Genes showing whole-exome level significance and suggestive significance were further investigated to query the gene function (GeneCards),26 common variant evidence from previous GWAS analysis (GWAS Catalog),27 gene enrichment in GO biological process (FUMA, Enrichr),28,29 and gene expression level in the GTEx database.30 Rare variants that contributed to gene significance were annotated with four different types of score (CADD,31 GERP,32 SIFT,33 Polyphen234) to indicate the effect of each variant.

Comparison of cytokine profiles between rare variant carriers and non-carriers

To further investigate the effect of variations on inflammation, levels of the 33 pre-collected biomarkers of the rare variant carriers were further visualized and compared with non-carriers. The cytokine heatmap was used to present the log ratio of the median biomarker values of the host response. The red color represents a greater value for the group compared to the entire cohort, while the blue color represents a lower value for the group compared to the entire cohort. Hierarchical clustering was used to visualize the similarity of cytokine patterns between rare variant carriers. Additionally, we calculated p-values from a pairwise t-test comparing cytokine values of rare variant carriers and non-carriers.

Mediation Analysis

To further explore potential biological mechanisms, we conducted a causal mediation analysis to evaluate whether biomarkers mediate the relationship between rare variant gene burden and PedSep-D membership.
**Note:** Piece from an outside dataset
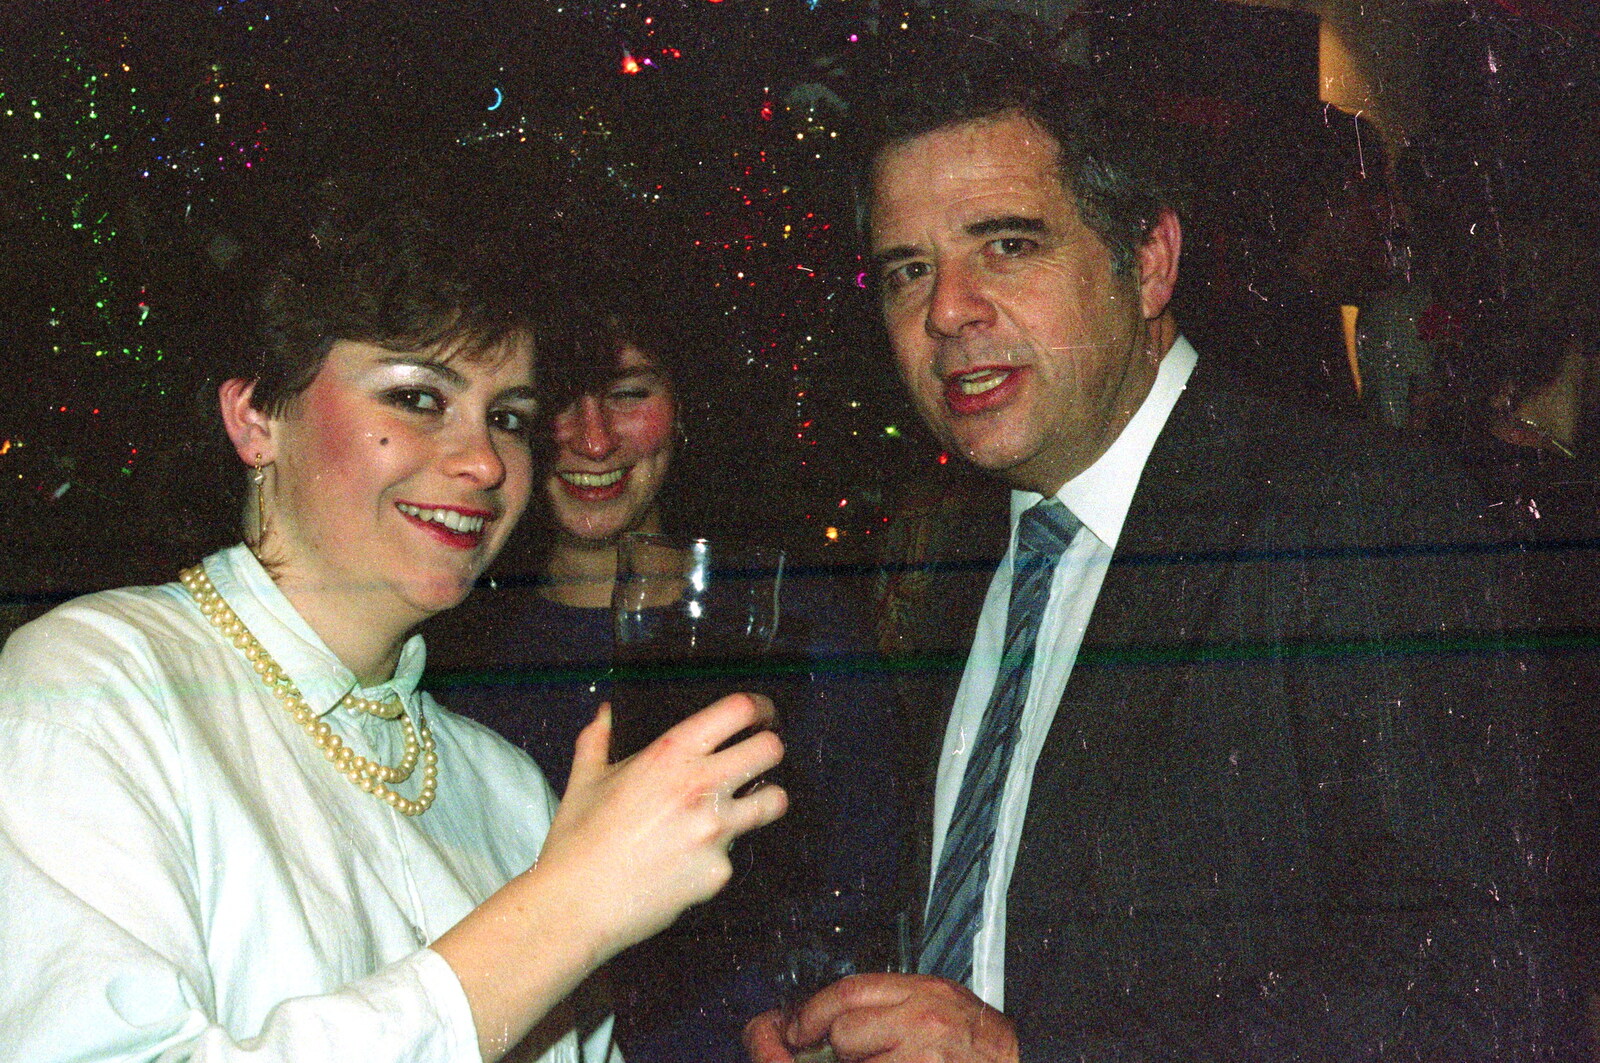 Brian Smith and an 80s girl from Uni: The Fly Christmas Party and BABS Panto, Plymouth Polytechnic, Devon - December 11th 1985

Mediation analysis requires three conditions to be met: 1) A significant association between gene burden and PedSep-D membership (which was established by SKAT results); 2) A significant association between gene burden and the candidate biomarker; and 3) A significant association between the biomarker and PedSep-D membership.

When all three conditions were satisfied, we used the mediation package in R,35 applying 1000 bootstrap iterations, to estimate the indirect effect (via the biomarker), direct effect, total effect, and proportion mediated for each gene–biomarker pair.

Sensitivity Analysis

In order to further validate the top genes identified from the gene-based analysis, we investigated the influence of the ancestry information on the genes with a sensitivity analysis that was performed as follows. Briefly, we randomly swap phenotype labels between pairs of individuals with the same reported ancestry information to keep the ancestry makeup of the groups the same and run 100,000 iterations of SKAT gene-based analysis to calculate how many times the test statistic value is greater than the test statistic value from observed data. Thus, we generated an empirical p-value for each gene.

Pathway-based analysis

In addition to identifying association signals between individual genes and the sepsis phenotype of interest, we also sought to identify associations between genetic variation at the pathway level, using Gene set analysis Association Using Sparse Signals (GAUSS).36 GAUSS is constructed with gene-based test results and calculates a gene set level p-value by identifying a subset of genes (i.e., core genes) to maximize the association signal. Using the GAUSS method, we aggregated the SKAT test statistics of individual genes into groups based on GO biological process (GOBP) pathway annotations and examined the associations between 7482 GOBP pathways and phenotype of interest. This was performed for the PedSep-D phenotype (Table 1). We also detected the active genes driving the pathway-trait associations to facilitate the interpretation of test results.

Table 1 GAUSS pathway-based association test results.

Results

PedSep-D phenotype has the highest mortality with unique clinical presentation and immune system profile

Using the 319 pediatric patients from the parent cohort who passed quality control both in bedside features and whole exome sequencing (WES) data (Fig. 1), we assigned them to one of four established phenotypes (PedSep-A, B, C, D) as previously determined by the consensus k-means clustering of 25 first-day bedside features.7 Among these 319 patients, the sample sizes of PedSep-A, B, C, D are 116 (36%), 86 (27%), 77 (24%), and 40 (13%), respectively (Table 2, Supplemental Tables 13). The proportions of patients in each phenotype are close to our original study, in which PedSep-A, B, C, D contained 34, 25, 27, and 14 percent of the 404 patients, respectively. To estimate the homogeneity of each phenotype, we projected them on the t-SNE plot of all 25 features and observed good separation between each phenotype and the other phenotypes (average Euclidean distance=6.4, Fig. 2). Specifically, the PedSep-D phenotype was distinct from PedSep-A, B, and C patients (Euclidean distance = 8.9).

Fig. 2: t-SNE plot of four phenotypes (N = 319).
figure 2

Samples in two-dimensional space were labeled by PedSep phenotype membership. Euclidean distance was measured between centroids of two groups to quantitatively compare the difference between one phenotype versus the remaining phenotypes.

Table 2 Demographic and day one clinical characteristics of PedSep-D and Non-PedSep-D patients.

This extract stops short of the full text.